I. Cadre d’analyse de la recherche

2.4. La stratégie d’accès au réel

2.4.1. Les cas étudiés

L’échantillon désigne « une petite quantité de quelque chose pour éclairer certains aspects généraux du problème » (Pirès, 1997). Autrement dit l’idée de l’échantillon est intimement liée à l’idée de la transférabilité des connaissances qui seront produites par la recherche.

Il doit être somme-toute acceptable et crédible aux yeux des communautés scientifique et professionnelle auprès desquelles les résultats de la recherche seront diffusés. Le type d’échantillon retenu va guider, colorer, encadrer le processus d’interprétation des résultats de la recherche et ce, autant en puissance explicative qu’en richesse et en crédibilité.

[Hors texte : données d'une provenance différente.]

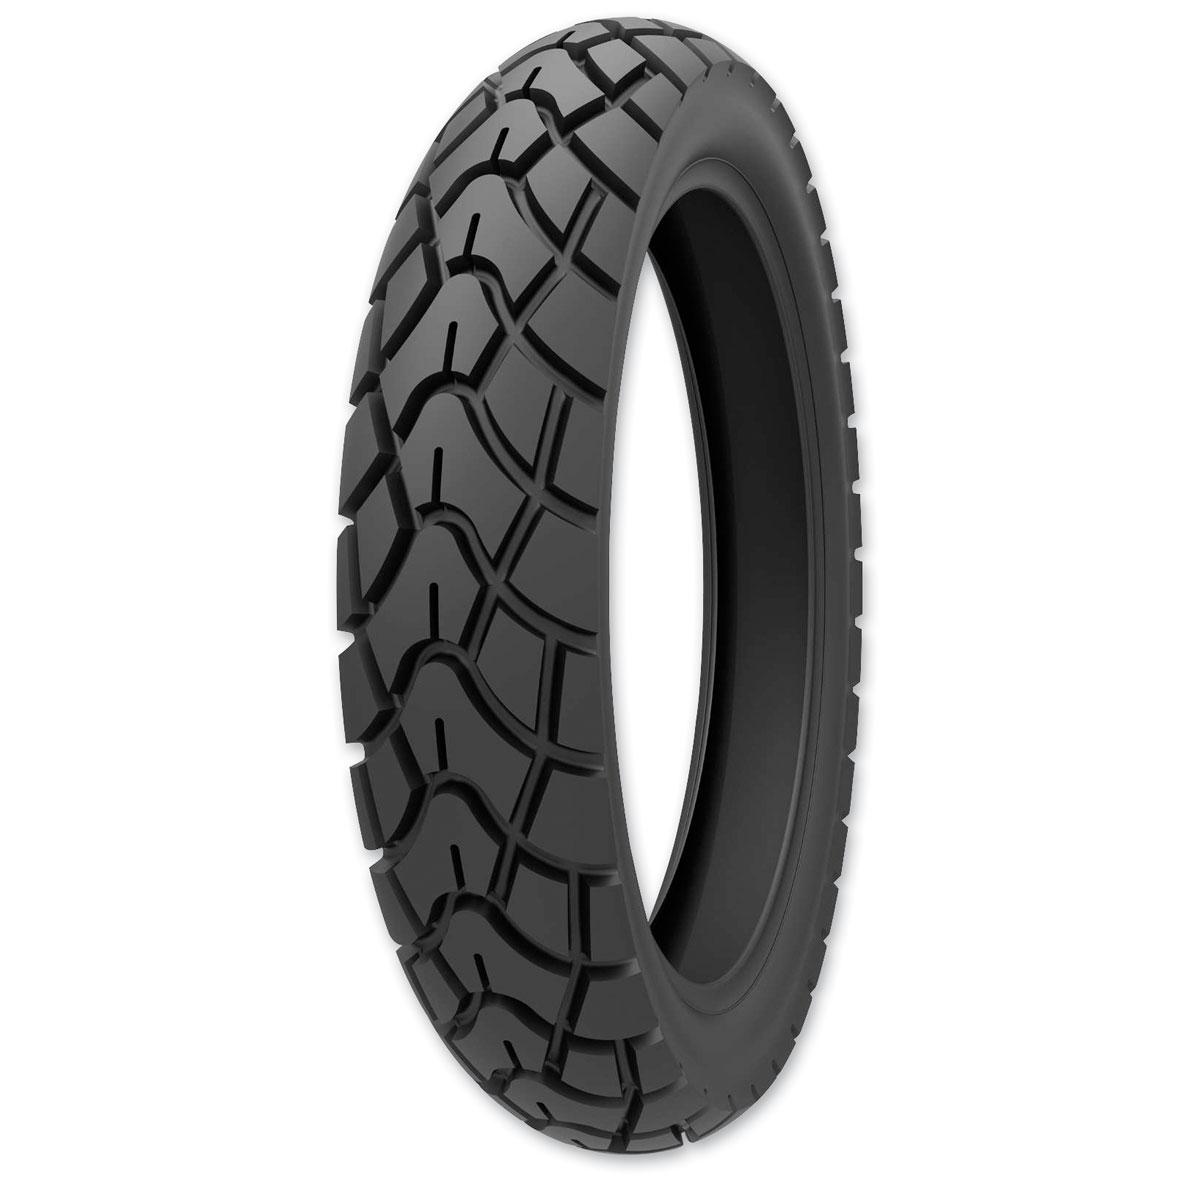 Kenda Tires K761 120/90-10 Front/Rear Tire

Il y a deux types de décisions à prendre dans le processus d’échantillonnage : choisir un site et ensuite échantillonner à l’intérieur de ce site en fonction des considérations retenues par le chercheur (Schwandt, 1997). Nous concernant, nous avons choisi la ville de Ouagadougou, capitale du Burkina Faso pour des raisons de proximité entre autres mais aussi puisque c’est la ville qui compte le plus grand nombre de créations, le plus grand nombre d’établissements d’enseignement supérieur et c’est là où sont logés l’essentiel des dispositifs d’accompagnement. Concernant la définition de la population retenue, elle repose sur une sélection d’acteurs dont nous estimons qu’ils sont en position de produire des réponses aux questions posées (Blanchet et Gotman, 1992). Tout comme Bourguiba (2007), nous avons sélectionné notre échantillon selon des composantes non strictement représentatives mais caractéristiques. Pour leur part, Miles et Huberman (1994) proposent dans le tableau 3.10 suivant un ensemble de critères du choix de l’échantillon qui touchent à plusieurs aspects. Le premier aspect souligne l’intention du chercheur face aux cas à étudier (recherche de cas

154 extrême ou déviant ou homogène) visant ainsi une comparaison. Ils citent également comme critère, la construction théorique qui rend opérationnel l’objet d’étude et justifie, théoriquement parlant, l’échantillon (ensemble de critères, de balises théoriques qui permettent d’étayer le choix). Un troisième groupe de critères est d’ordre logistique (l’accessibilité, la facilité d'entrée, le calendrier, les échéances, la disponibilité, les coûts).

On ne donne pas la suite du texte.